First off, most homes that appear to be made out of brick, since the late 1950’s to today, are actually a brick veneer. I say “appear to be made out of brick” because this is a facade, or veneer, and in fact this brick adds precisely nothing to the structural integrity of the home. That’s right! The vast majority of those “solid brick ranchers” you see advertised are actually NOT made out of brick! How can that be? Well, it’s simple; around the mid-to-late 1950’s, some clever builder figured out that you could sheath a stick-built house in one layer of bricks, and call it a brick house. There is actually a small air gap between this brick veneer and the actual structure of the home. The only thing attaching the brick to the structure are little pieces of corrugated-looking metal called masonry ties. Another important fact is that these veneer walls are only one course wide.
True masonry brick houses, by comparison, use the brick as structural members, where the brick is the actual construction, and acts as the integral support in construction. The outer brick walls are actually 2 courses (or “wythes”) thick, with no other framing materials behind them, and the brick is either the actual foundation, or else it rests on the foundation of the home.

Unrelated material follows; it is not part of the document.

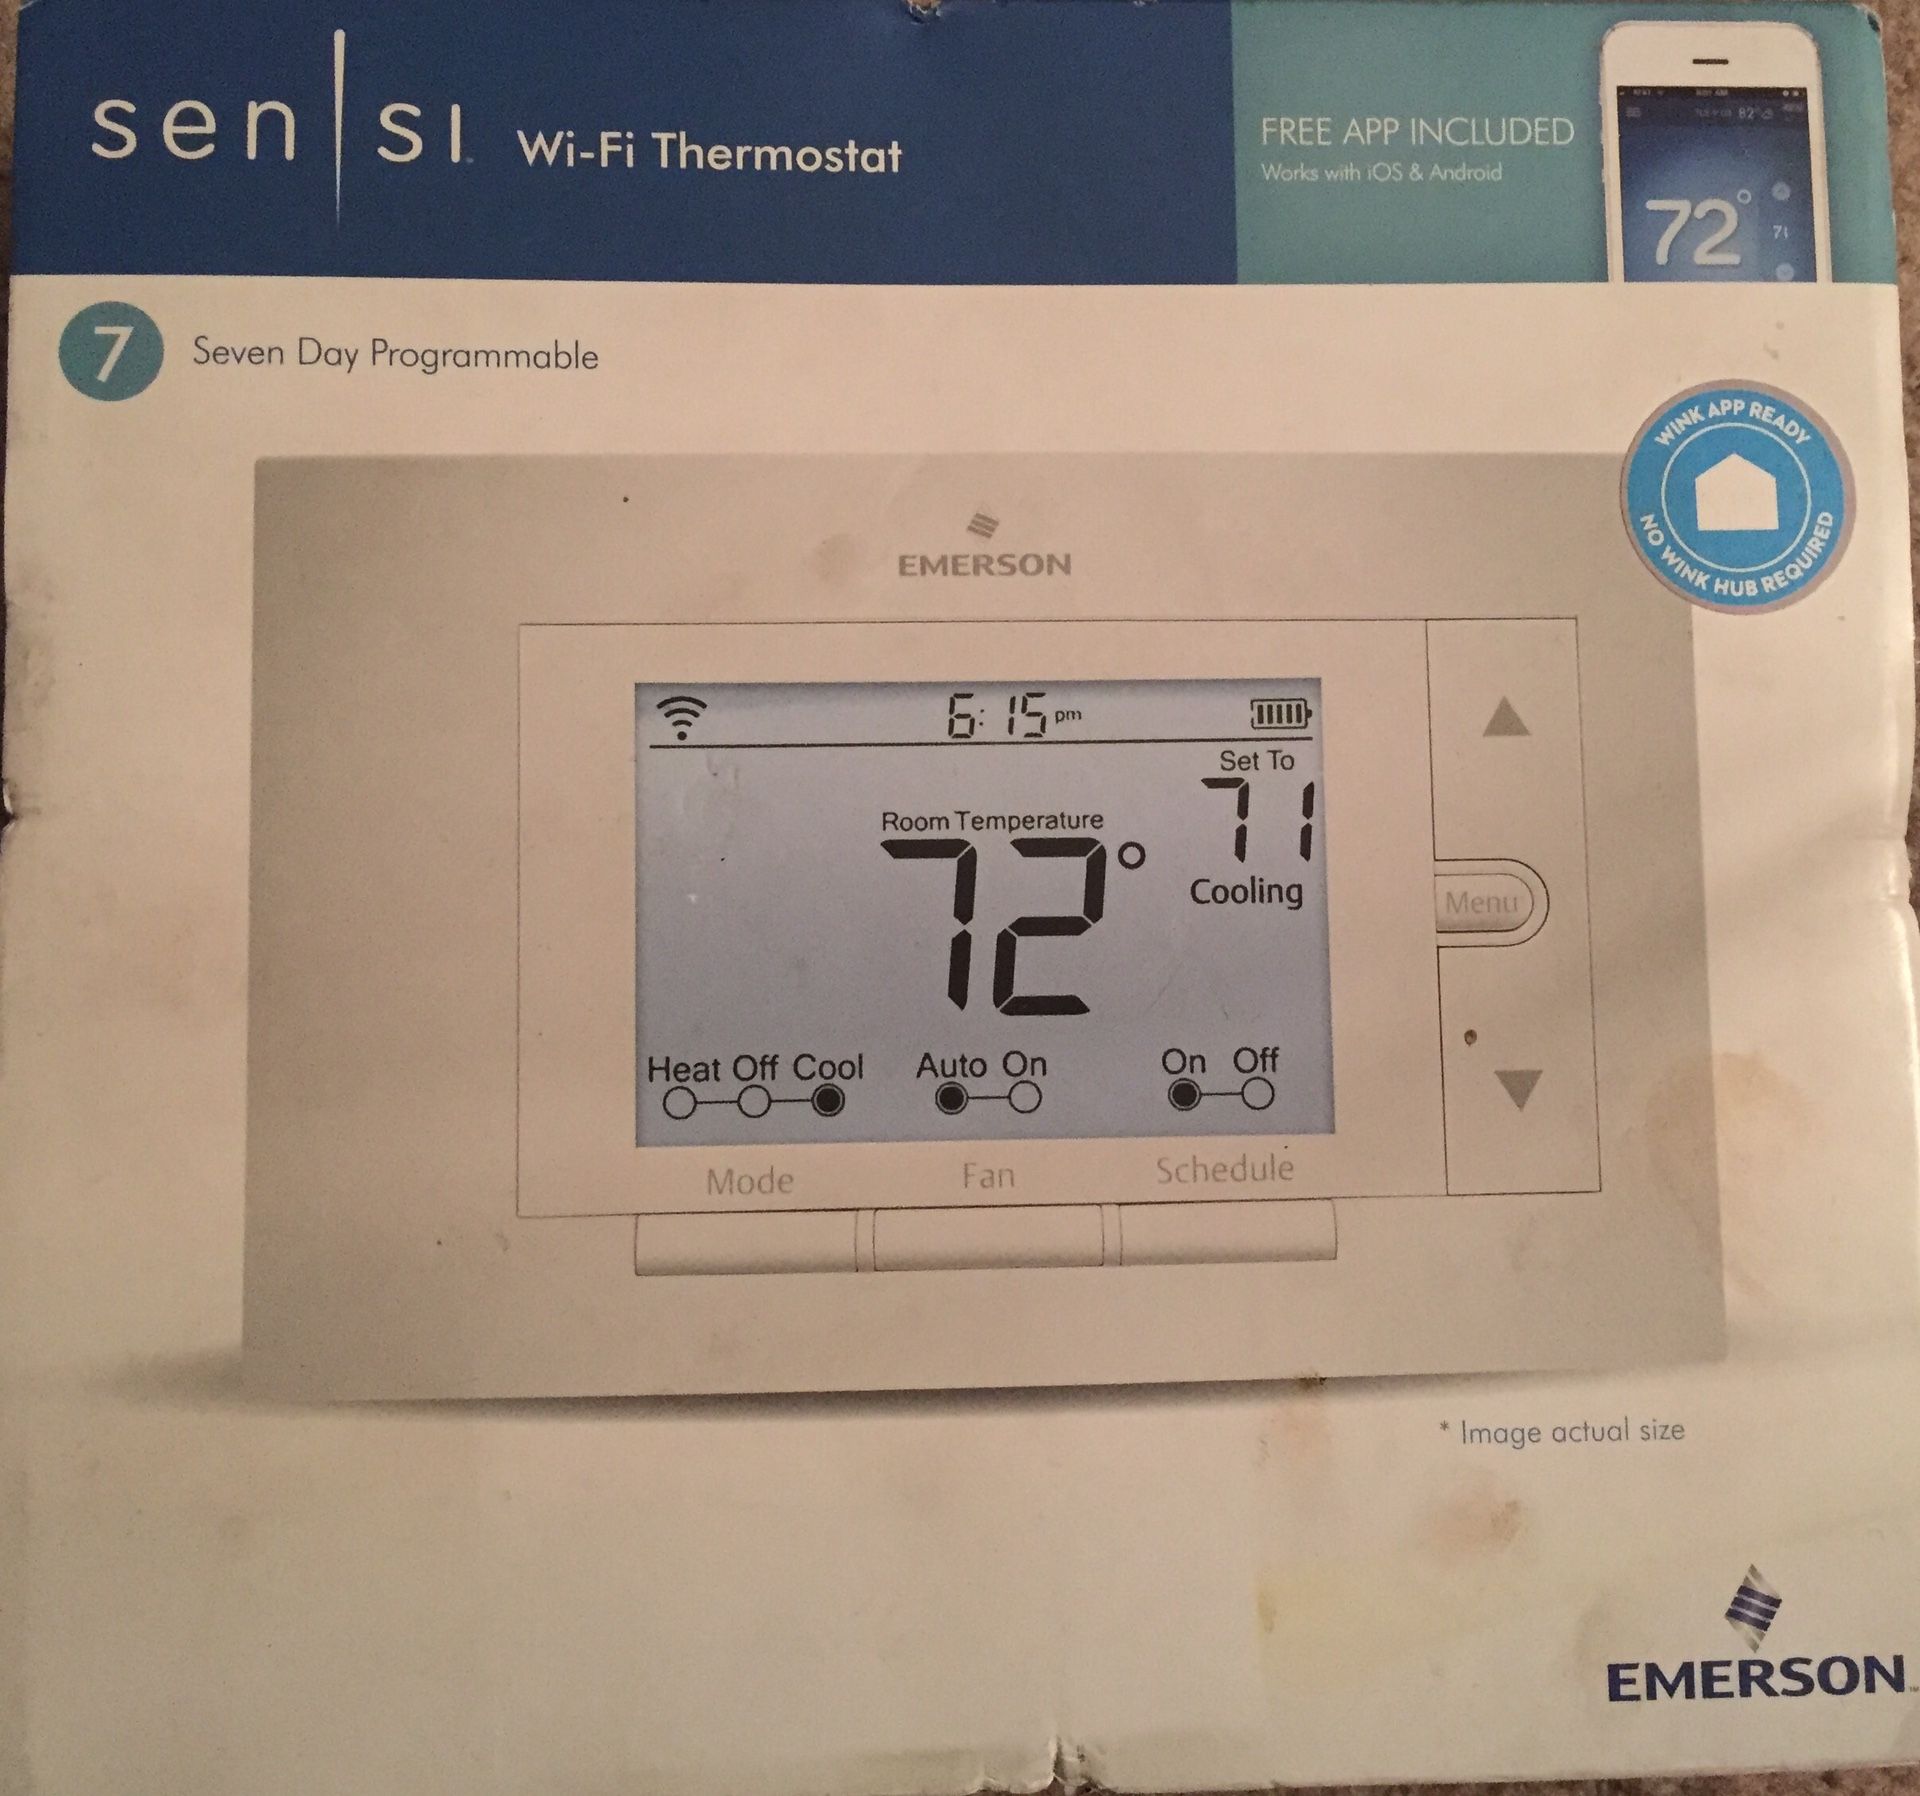 Emerson wi-fi thermostat

So, how can you tell the two apart, you ask? Great question! And I’m glad to report that in most instances it is easy! To begin with, the age of construction should be your starting point. If it was manufactured prior to about 1955, then there is a good chance it will be structural masonry. Conversely, if made from 1955 to the present date, it’s probably just a veneer. But either way look closely. Is the brick wall a homogenous row of long bricks (aka “stretchers”)? Are there “weep holes” between bricks near the bottom of the wall? Then you’re looking at a veneer. On the other hand, are there rows of bricks that are short, staggered in amongst the rows of long bricks? Are there no weep holes visible? Then it’s most likely true brick masonry. I say “most likely” because some higher-end homes actually put these short rows (“headers”) into the veneer to give it the appearance of true masonry. Usually the age of construction, or some other clue, such as the appearance of other types of siding mixed in with the brick, will alert you to the fact that it is actually siding/veneer and not true masonry. The reason for the short runs of brick in true masonry walls is to tie the second course of bricks into the first – an actual brick structure has walls that are two bricks deep, in other words.
So there you have it! Sorry this was a bit long, but hope it was helpful!